Even the very lowest levels of radiation are harmful to life, scientists have concluded in the Cambridge Philosophical Society’s journal Biological Reviews.

hamakkomommy said...

I saw your tweet (in Japanese) about stopping the English language blog. Please don't!! So many foreigners living here have children they are concerned about, but do not have accss to the information you present in a language they can understand. Don't give up!

Anonymous said...

@Jim,

That study talks about "low doses" but it includes populations which are exposed to more than 100 mSv every year.
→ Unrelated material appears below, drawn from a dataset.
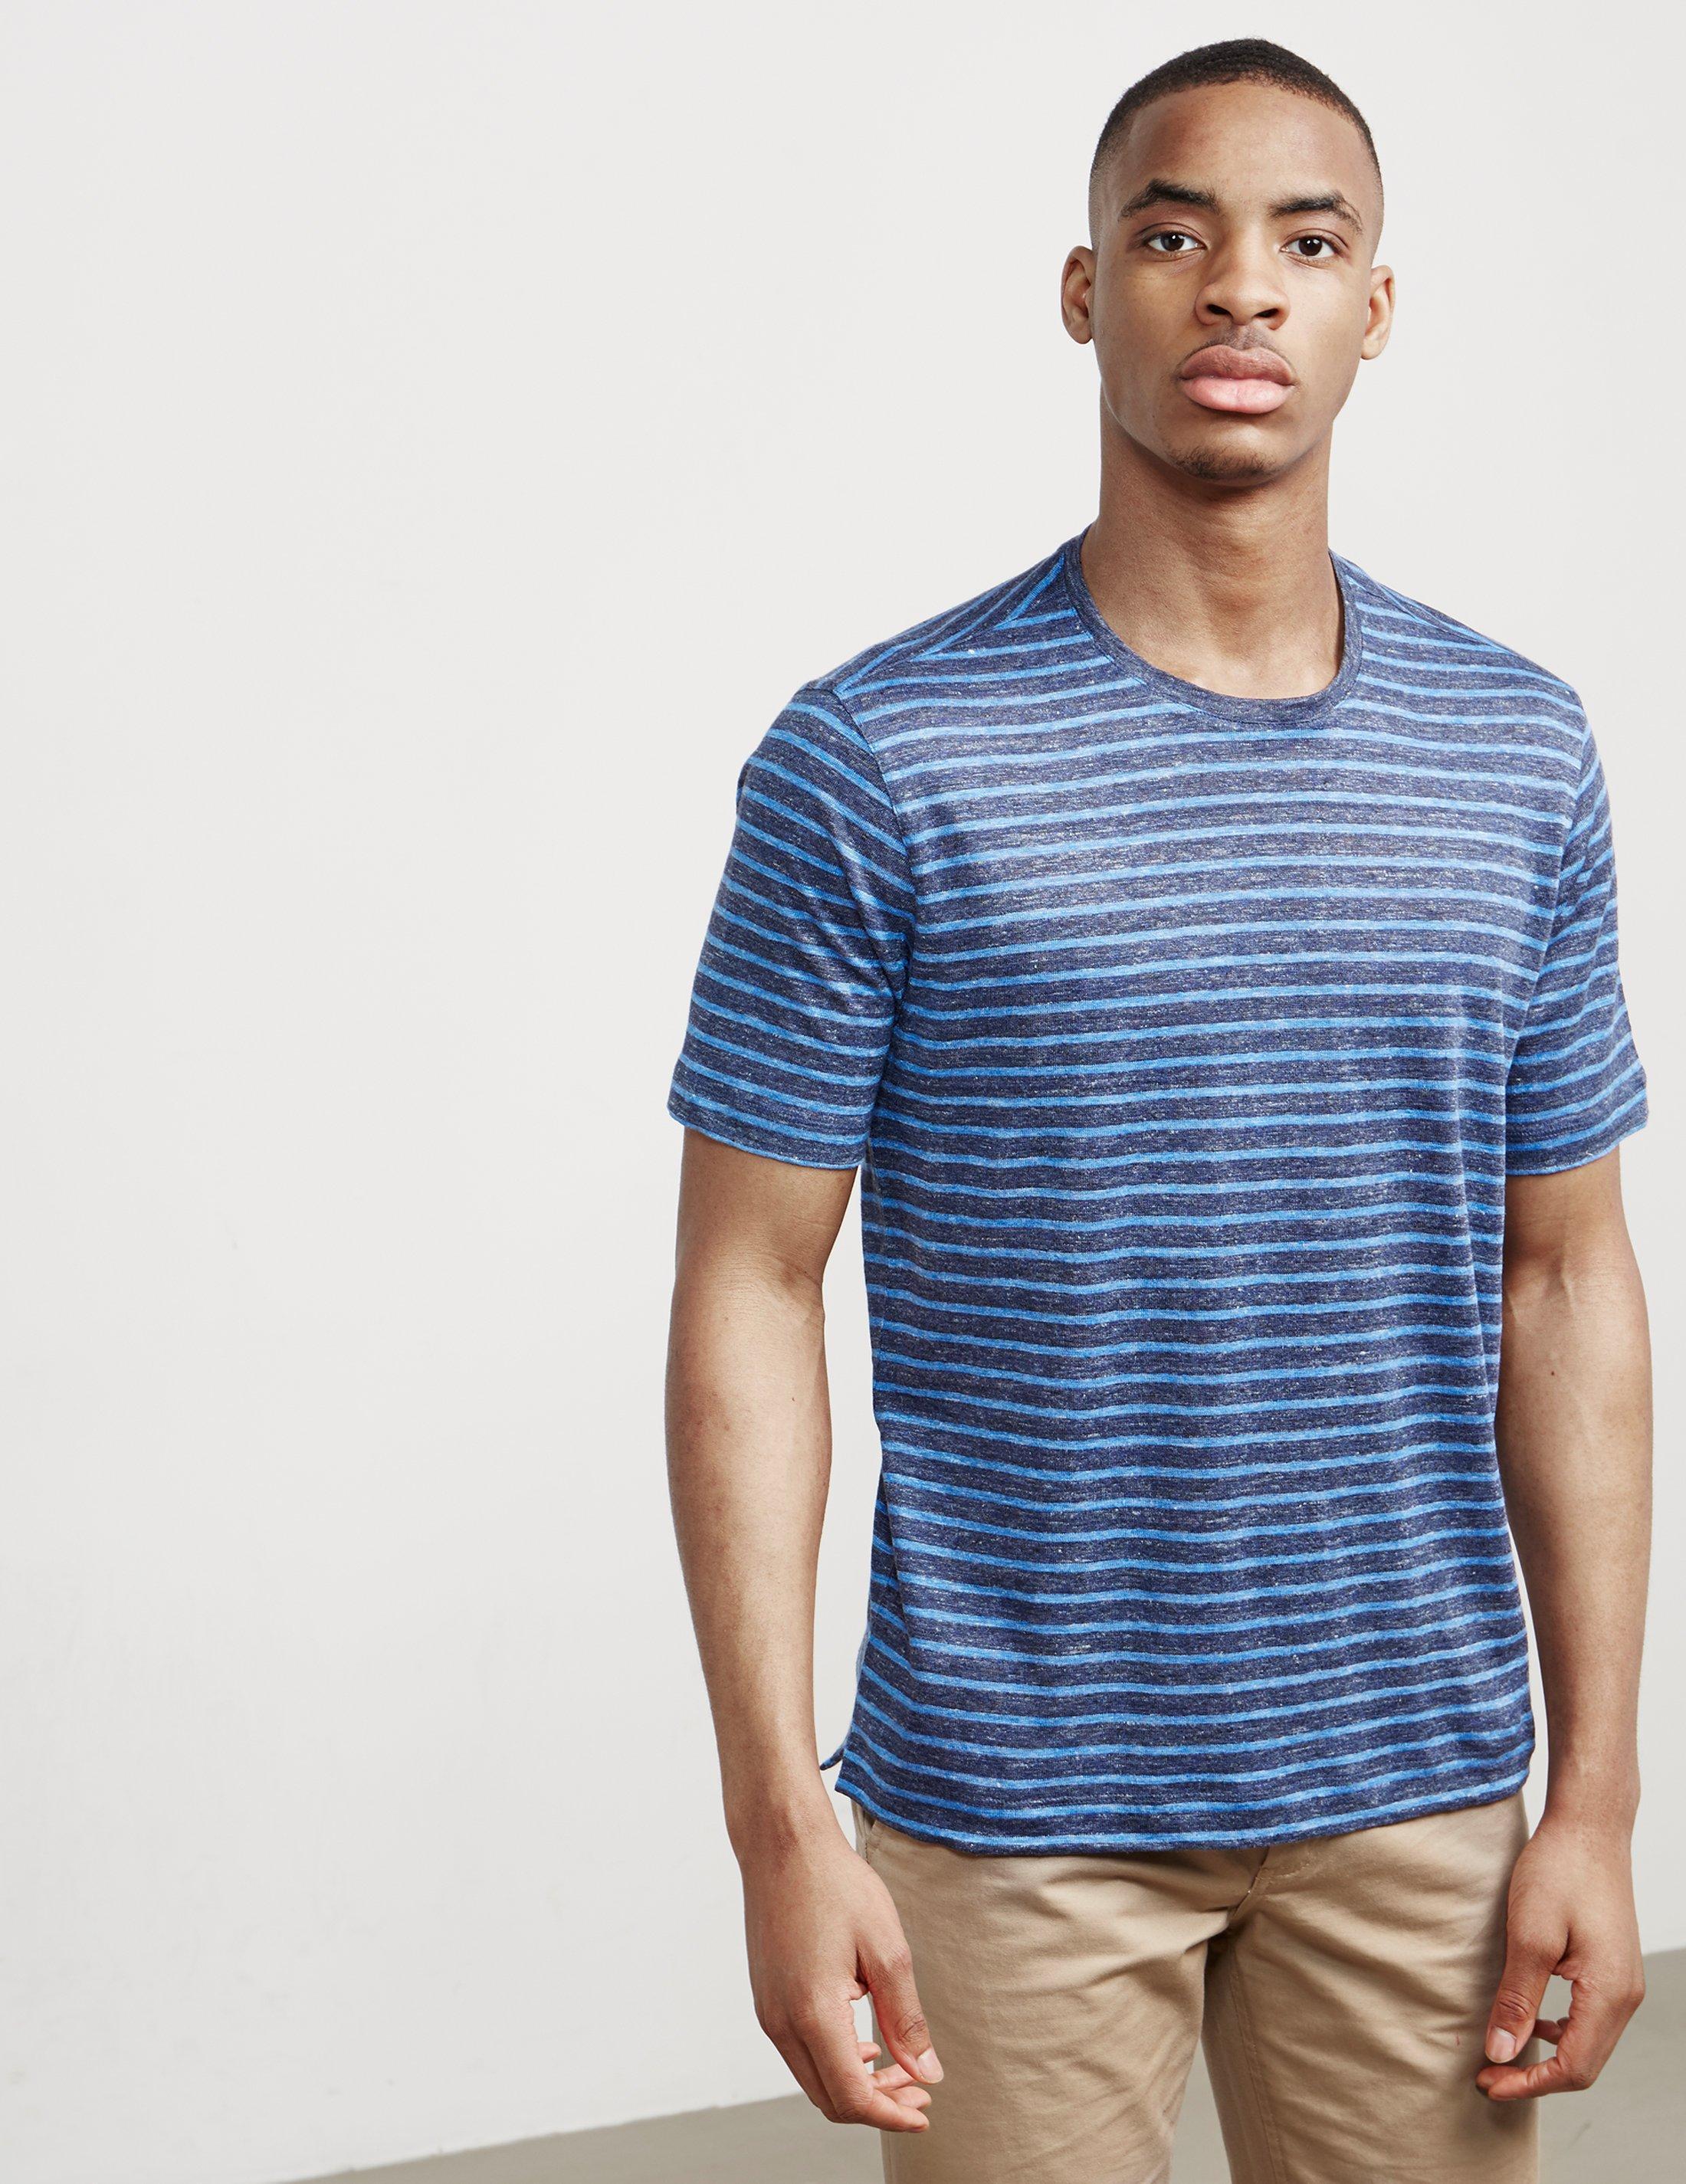 Clearance Cheap Marketable short-sleeve T-shirt - Blue Ermenegildo Zegna Clearance Official Free Shipping Nicekicks v6JJG8tDHj
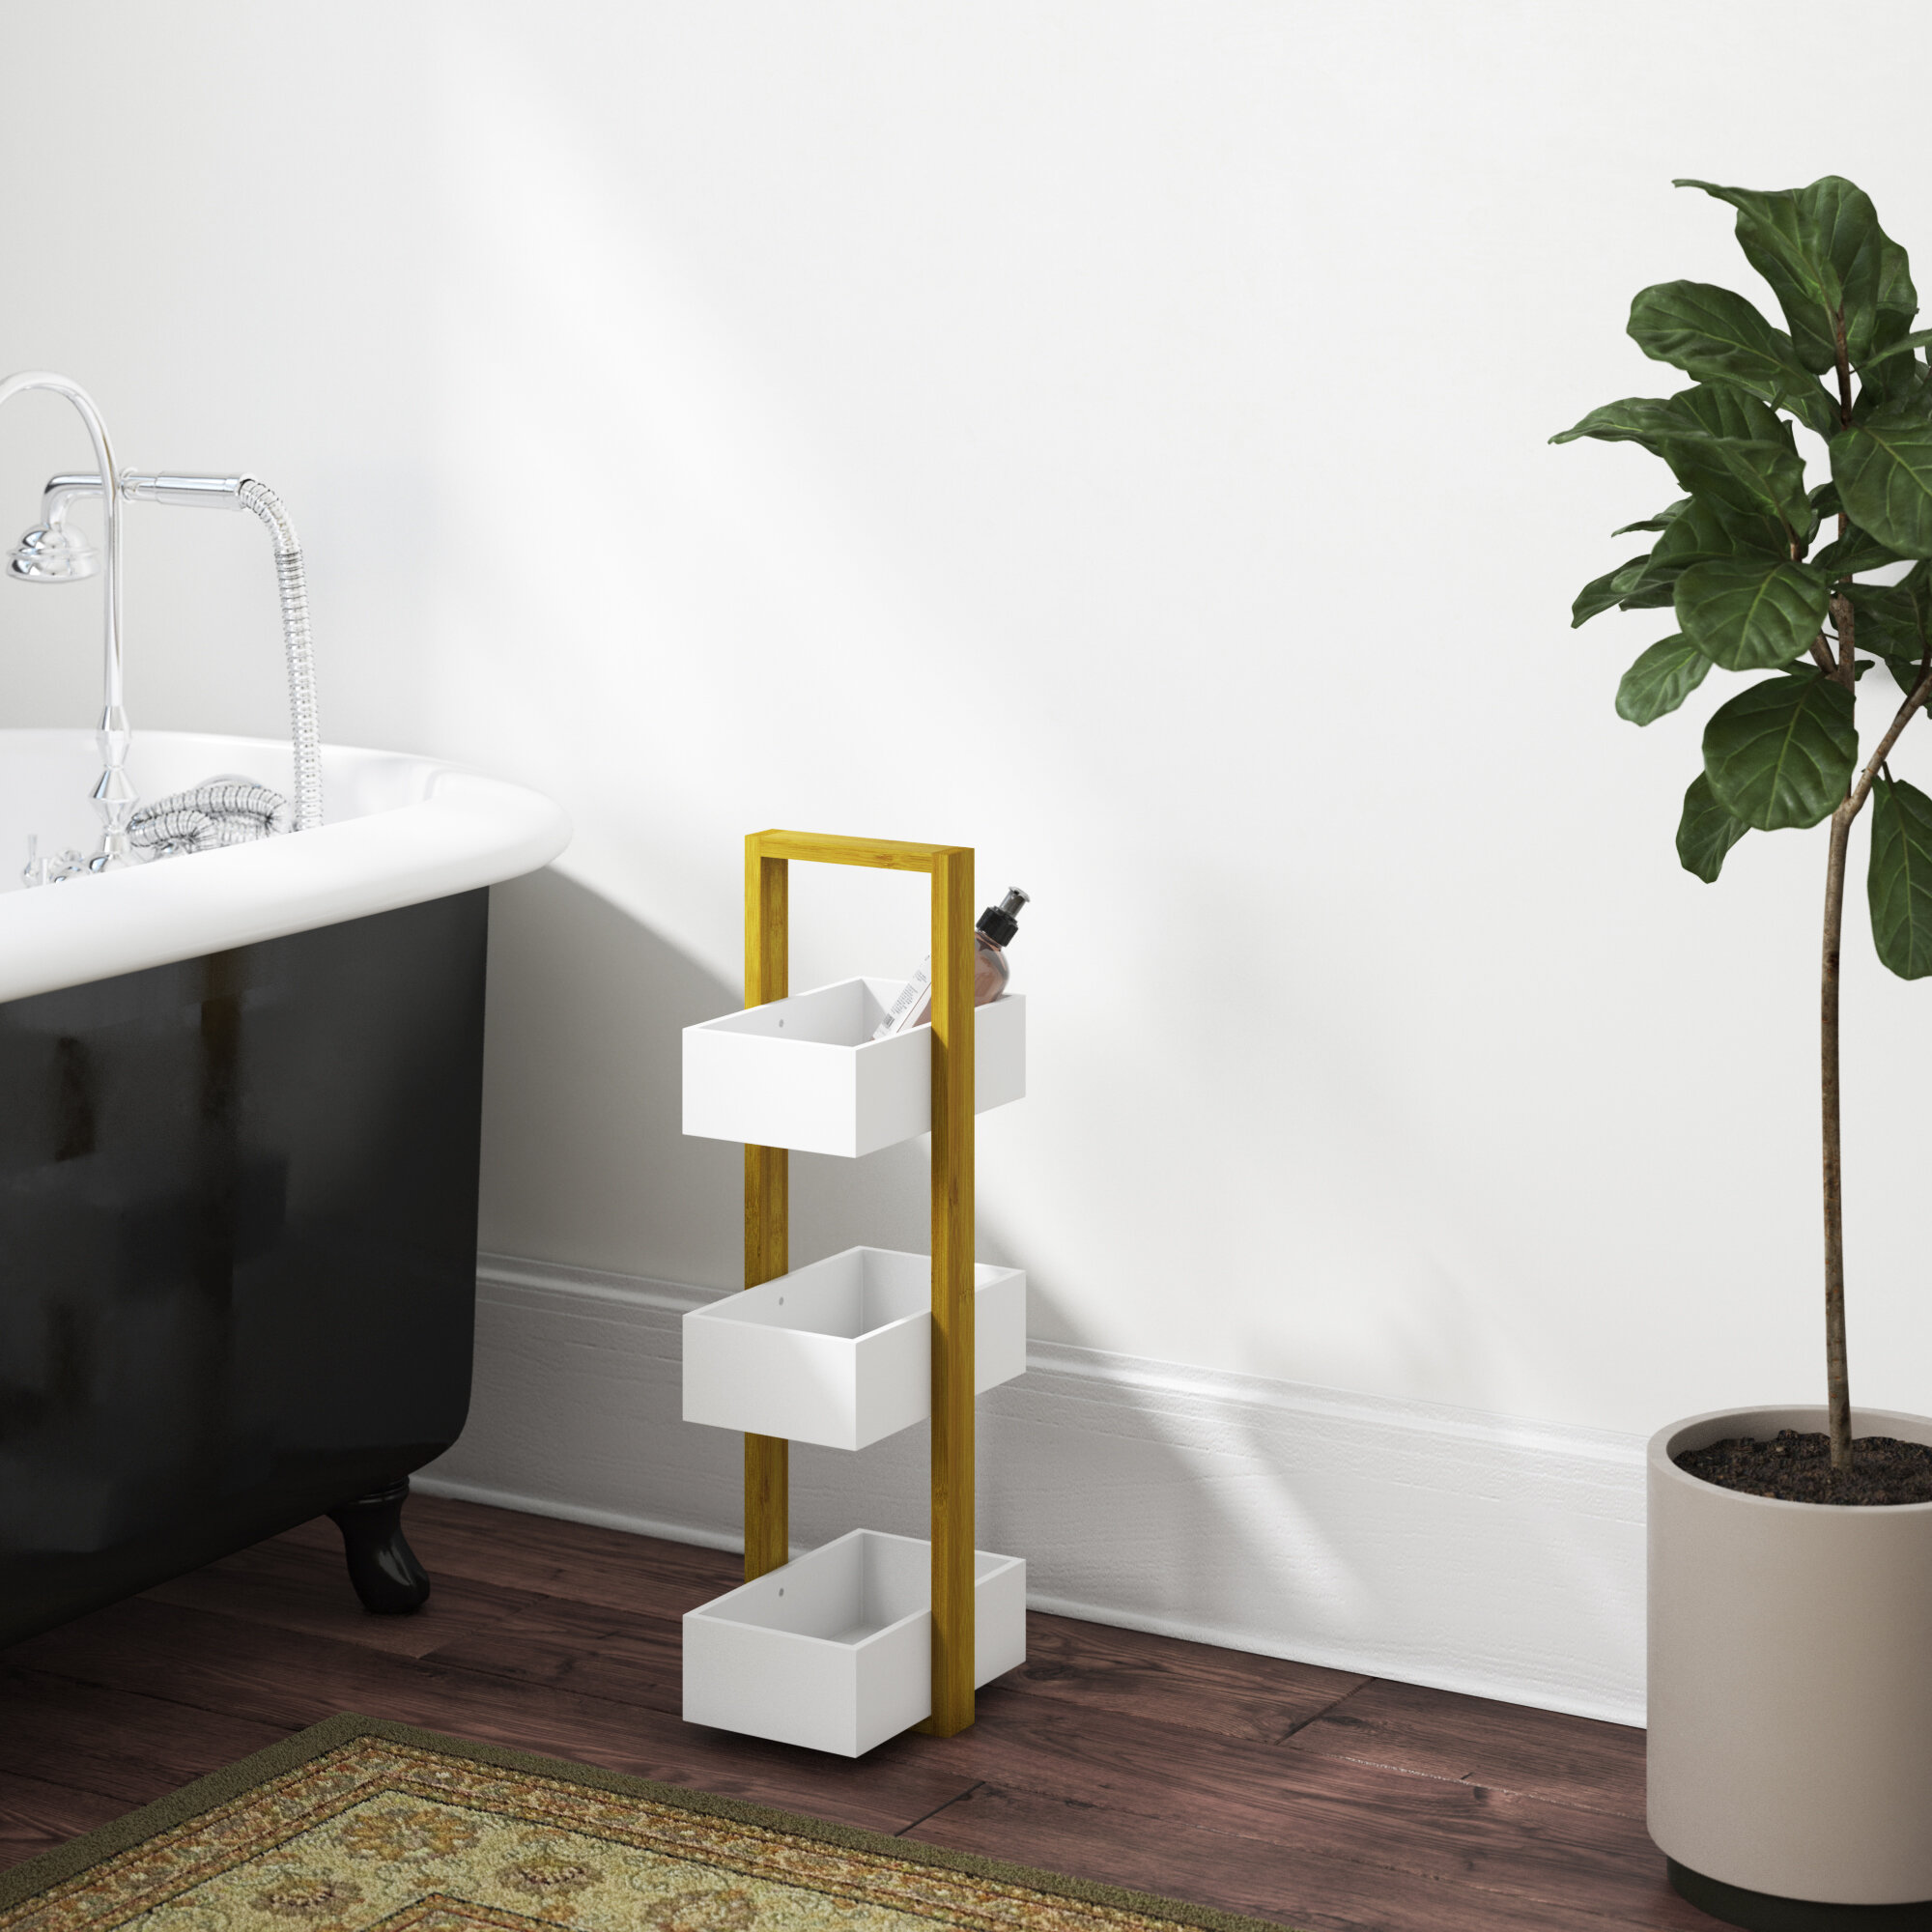 18 5 X 66 8cm Bathroom Storage Tray

That does not sound low to me.

Anonymous said...

I can say in France it took some 15 years to have a stable assesment of Tchernobyl contamination, with the increase of people having their thyroid partly or totaly removed.
Meanwhile, we saw how the gov. lied and hid data, people under or overreacting ; what food and from where should have been checked and maybe banned ( goat cheese, honey, thyme and herbs alike, mushrooms in the wild, game...)
East, south east, and Corsica have been quite contaminated.
Even now in Bavaria, Germany, hunters have their wild boars tested, quite a lot are over and compensated by the state (so it's become another kind of hunting)
At last H. Caldicott has not always very subtle and reliable words. I would not buy dryed fruits from Turkey, nor mushrooms from Ukraine, but when she claims "don't eat food from Europe !" she's astray.

Anonymous said...

It is possible to prove when thyroid cancer is caused by radiation exposure, by looking at DNA damages:

http://insciences.org/article.php?article_id=10136

Hospitals can't simply say "we can't say it is caused by Fukushima", because they can test further to identify the specific DNA damage.


Vyse Legendaire said...

Helen Caldicott is freaking out yet again, but I don't think that means radiation is suddenly nutritious and we should gulp it down...

Atomfritz said...

Thank you LaPrimavera for calming down on panic mongering.

More than 15% kids with large (>3mm) anomalies seem to be a lot if I understood correctly.
I think it could be a good idea to be prepared when the incubation time of about at least four years expires and Japanese child cancer possibly becomes a more common phenomenon than child suicide, which is world-highest in Japan.

arevamirpal::laprimavera said...

I don't know, Atomfritz. Specialists and radiologists that I read on Twitter do say they don't pay much attention unless the growth is more than 5 millimeters, and even then many say they wouldn't do aspiration biopsy unless the nodule is bigger than 10 millimeters or the cyst is bigger than 20 millimeters because of false positive and too much stress on children.